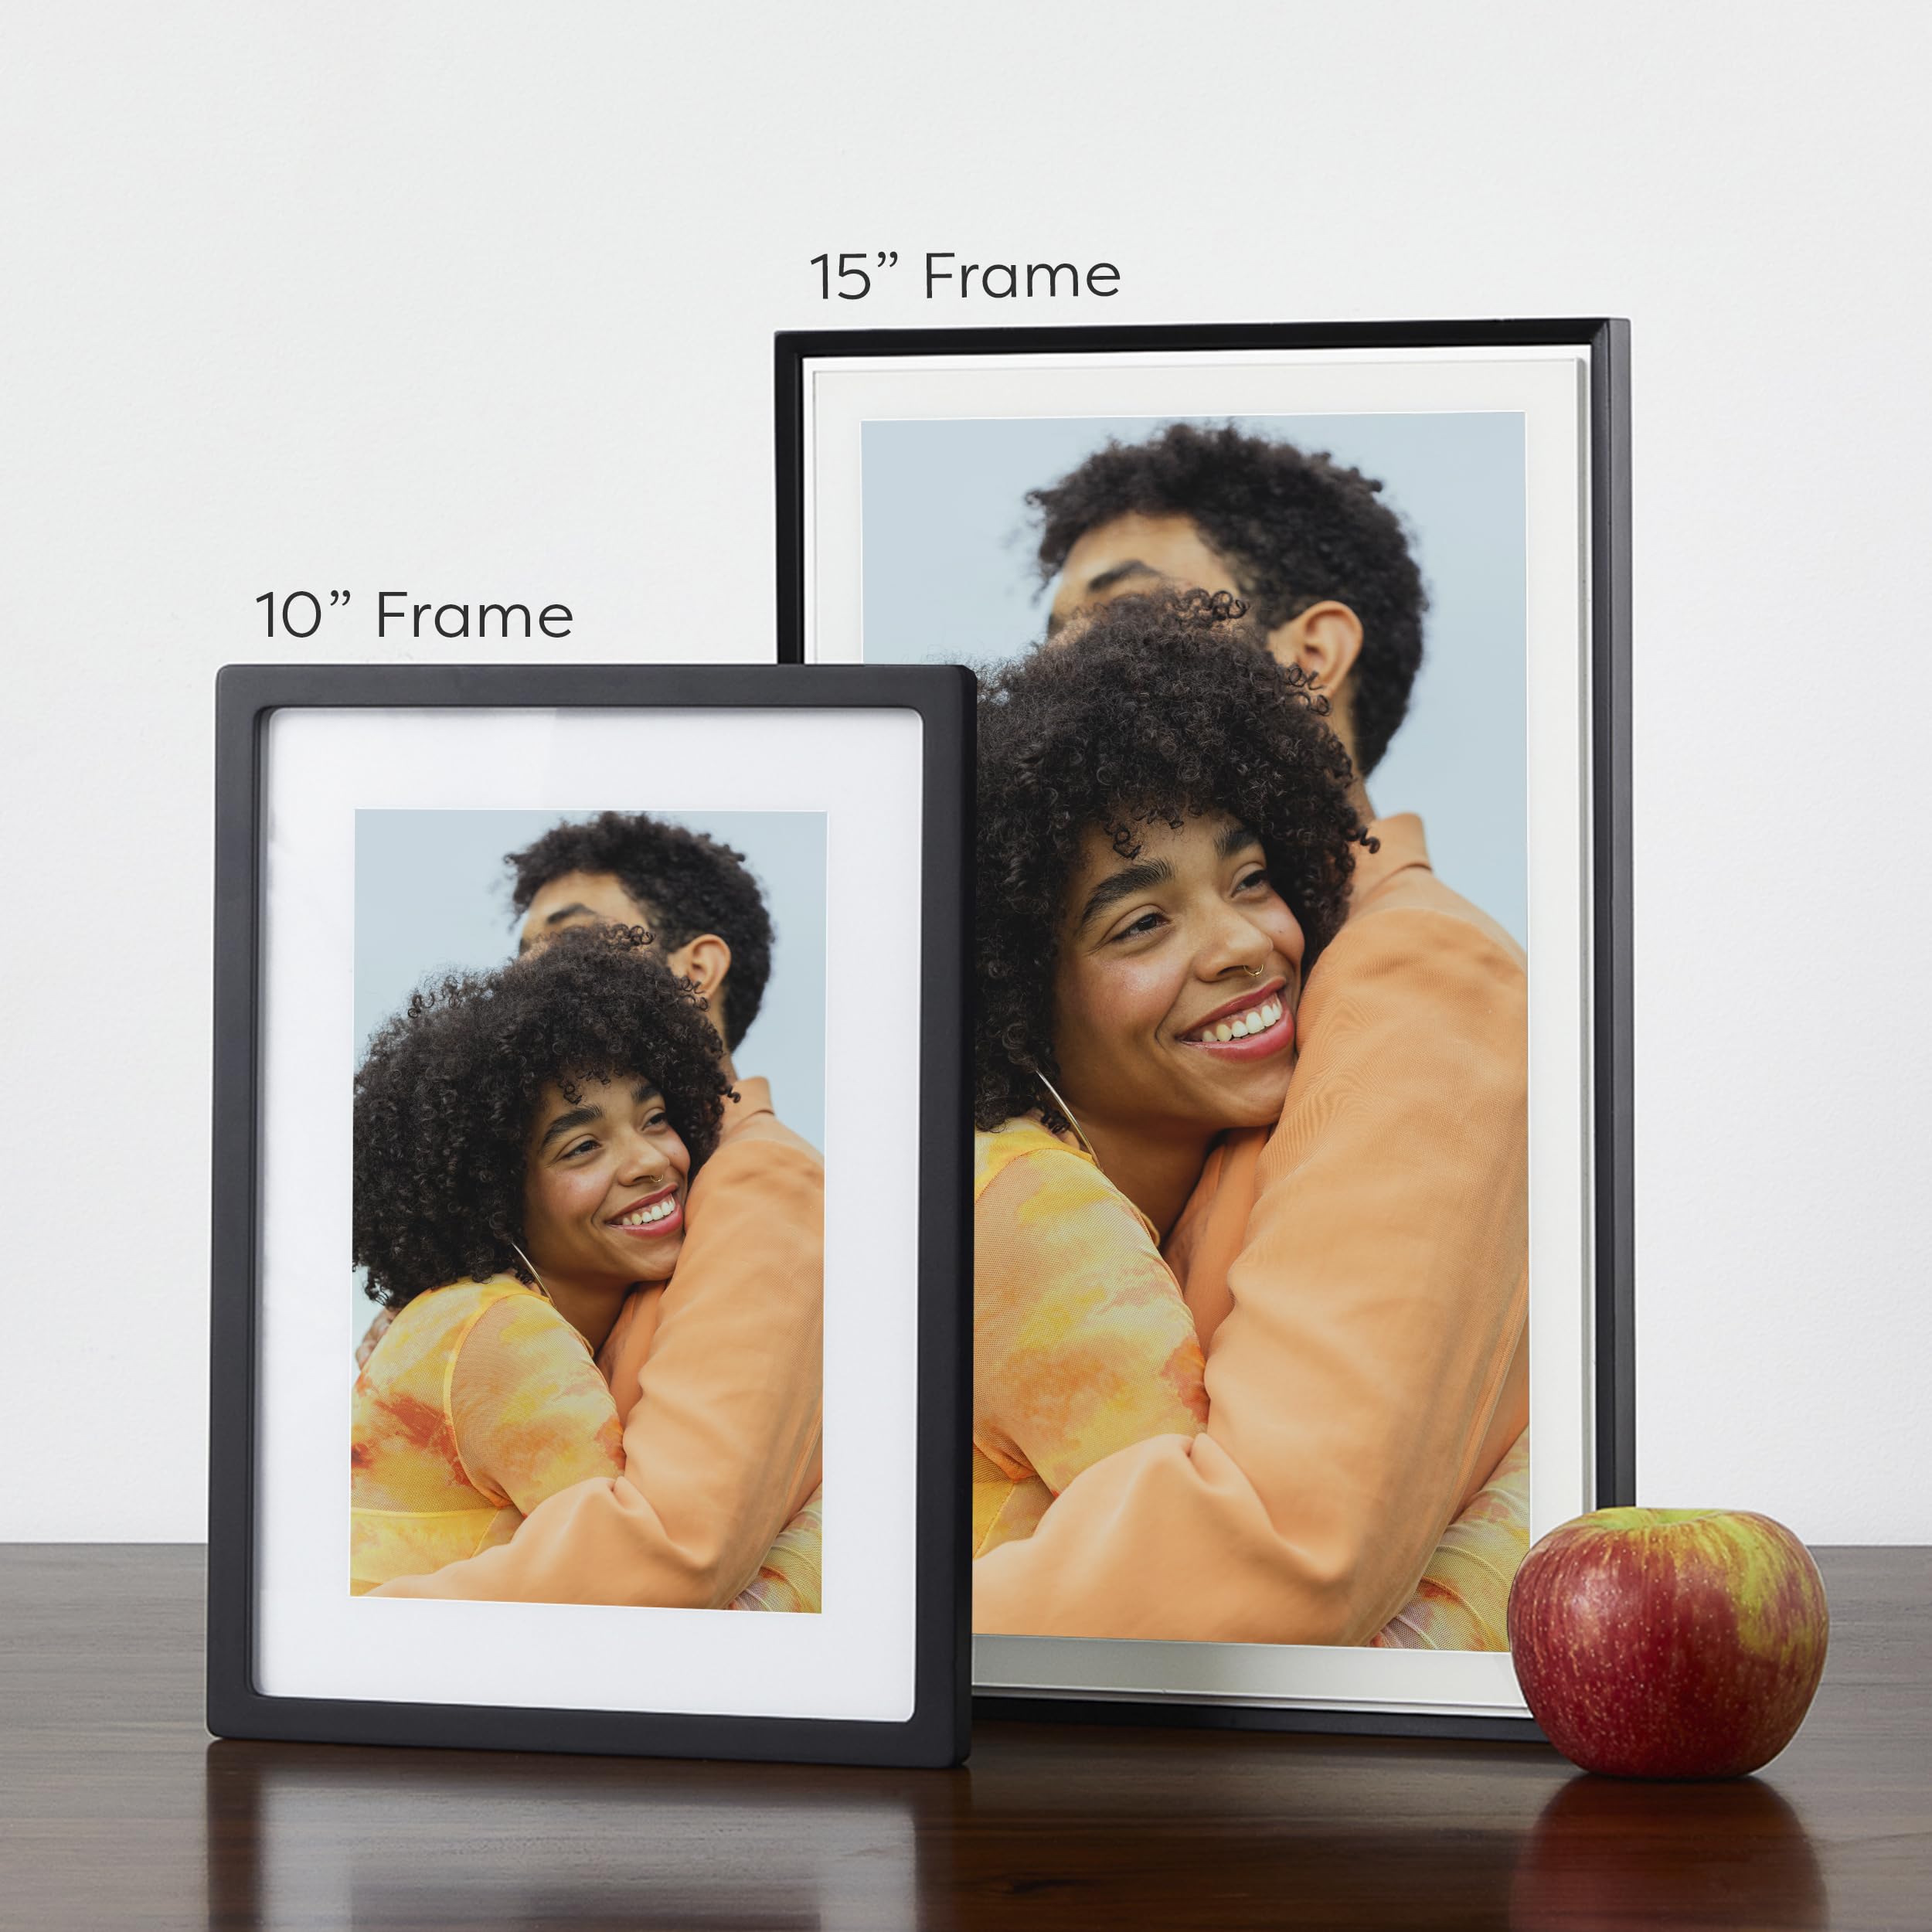 Skylight Frame: 10 inch WiFi Digital Picture Frame with Load from Phone Capability, Touch Screen Digital Photo Frame Display - Gift for Friends and Family
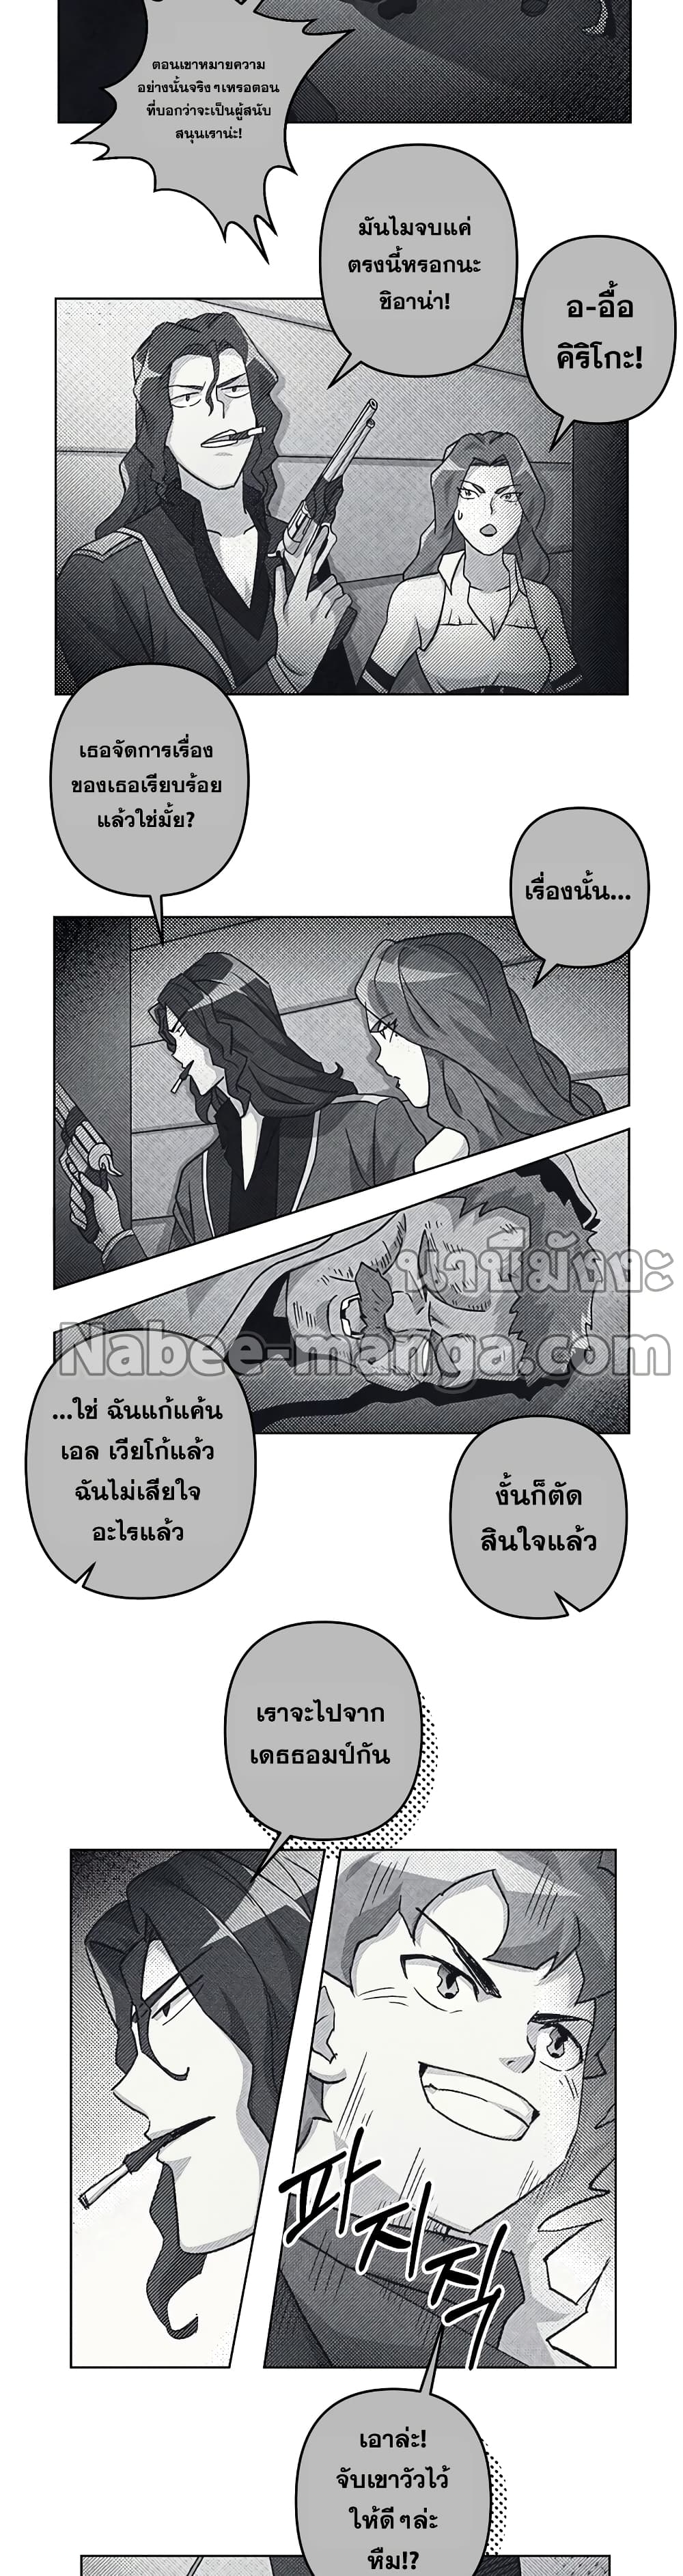 Surviving in an Action Manhwa 26-26
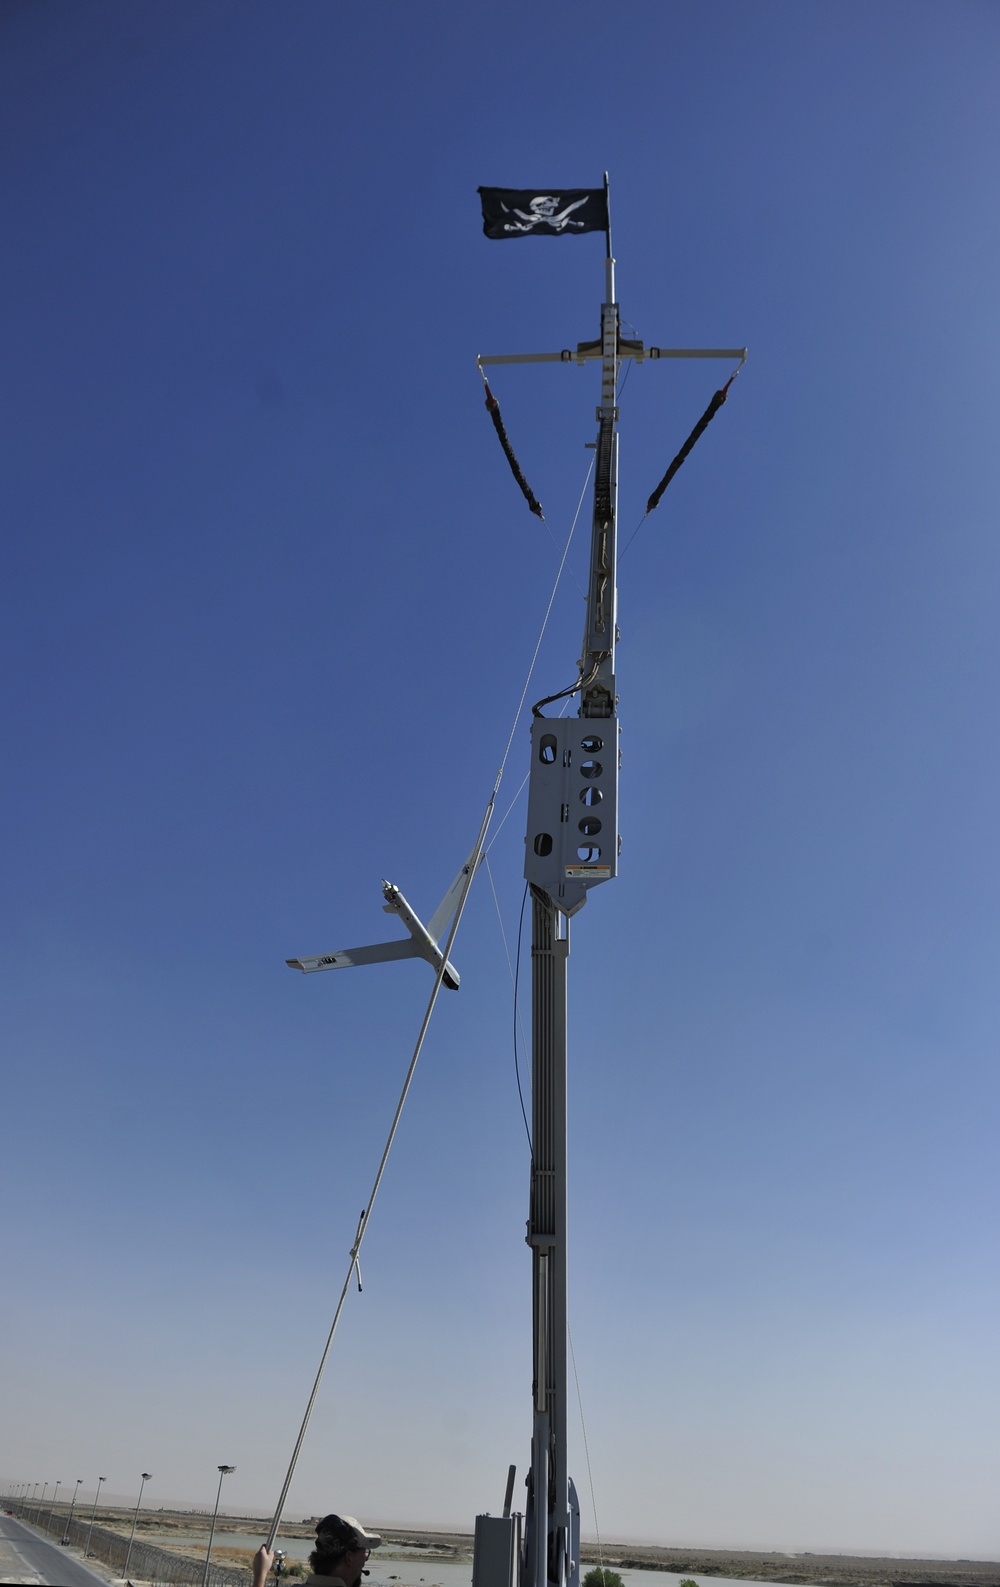 ScanEagle unmanned aerial vehicle hangs from the vertical cable after being recovered by the Skyhook system at Kandahar Airfield June 25, 2015

WHAT THE TASK ASKS – The listing above must be repeated exactly. Its pictures are not part of the copy.

SOLVED PROBLEM –
 Skylight Frame: 10 inch WiFi Digital Picture Frame with Load from Phone Capability, Touch Screen Digital Photo Frame Display - Gift for Friends and Family
 Surviving in an Action Manhwa 26-26
 ScanEagle unmanned aerial vehicle hangs from the vertical cable after being recovered by the Skyhook system at Kandahar Airfield June 25, 2015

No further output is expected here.